Menurut Nurhuda, hal itu karena turunan dari Undang-Undang Nomor 12 Tahun 2022
tentang Tindak Pidana Kekerasan Seksual (TPKS) yang sudah lama ditunggu
masyarakat. Dia menegaskan, pendidikan keagamaan seharusnya dapat memberikan
contoh yang baik kepada masyarakat.
"Bagaimana bisa menjadi panutan jika Pendidikan keagamaan yang mengajarkan
akhlak, dalam beberapa kasus malah justru menjadi pelaku rusaknya akhlak. Ini jadinya tidak bisa dipegang antara
pernyataan saat mengajar dengan kelakuannya," ujarnya.
Sementara dari sisi substansi, Nurhuda menilai PMA tersebut sangat baik karena
memasukkan 16 kategori kekerasan seksual sehingga harus segera disosialisasikan
kepada masyararakat.
Menurut dia, tidak jarang regulasi dibuat namun tidak diketahui masyarakat.
Padahal, peran serta publik sangat diperlukan untuk mencegah terjadinya
kekerasan seksual.
"Kami berharap ke depan seluruh elemen pendidikan keagamaan mampu
meningkatkan kesadarannya agar lebih fokus pada kegiatan pendidikannya. Mereka
juga bisa saling mengingatkan terhadap gejala-gejala yang mengarah pada
kekerasan seksual.
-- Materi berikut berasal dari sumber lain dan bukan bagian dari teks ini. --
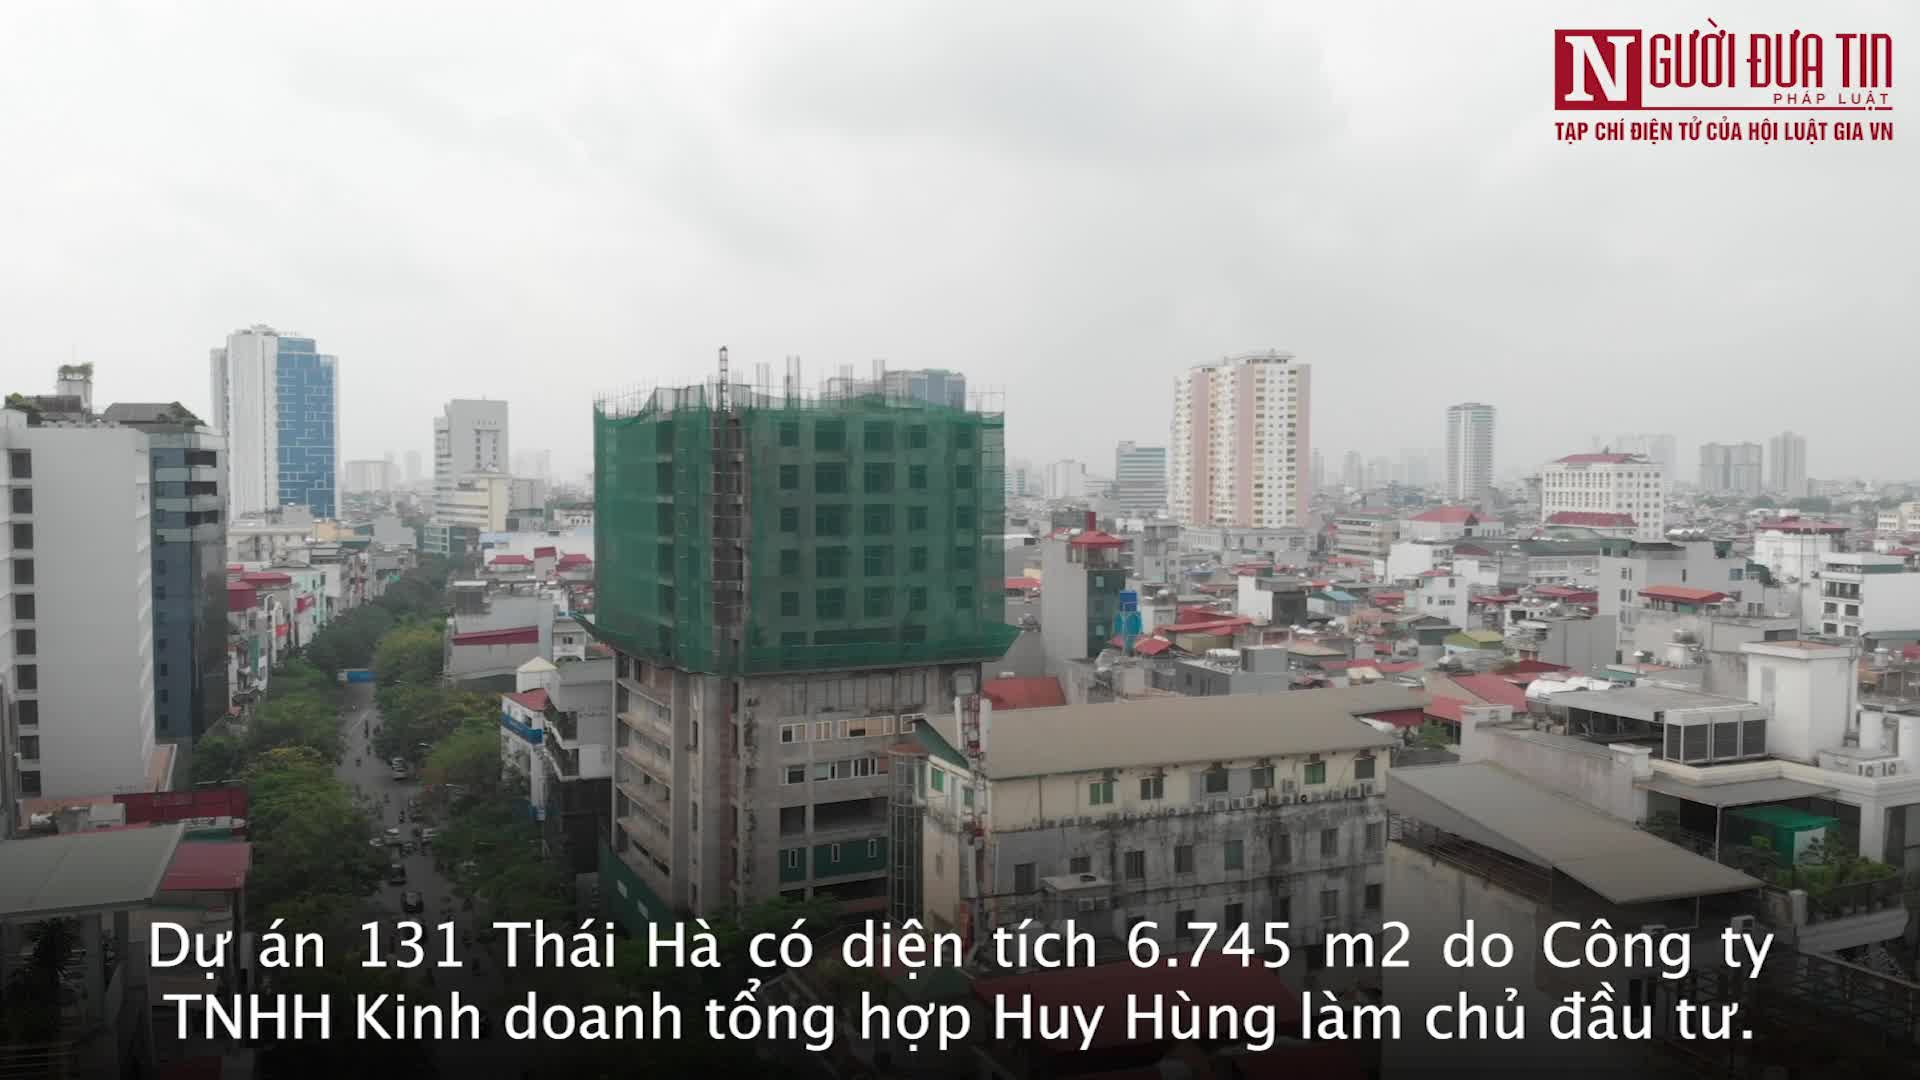 Bất động sản - Cận cảnh dự án cao ốc 131 Thái Hà sau hơn 1 thập kỷ

Dengan demikian bisa dicegah sejak dini sebelum
kejadian," katanya.
PMA tersebut dinilai sebagai upaya
pemerintah untuk merespons kekerasan seksual secara cepat di lembaga pendidikan
keagamaan. Nurhuda mengingatkan bahwa jika kebijakan itu tidak efektif, maka
harus dievaluasi untuk ditemukan titik lemahnya.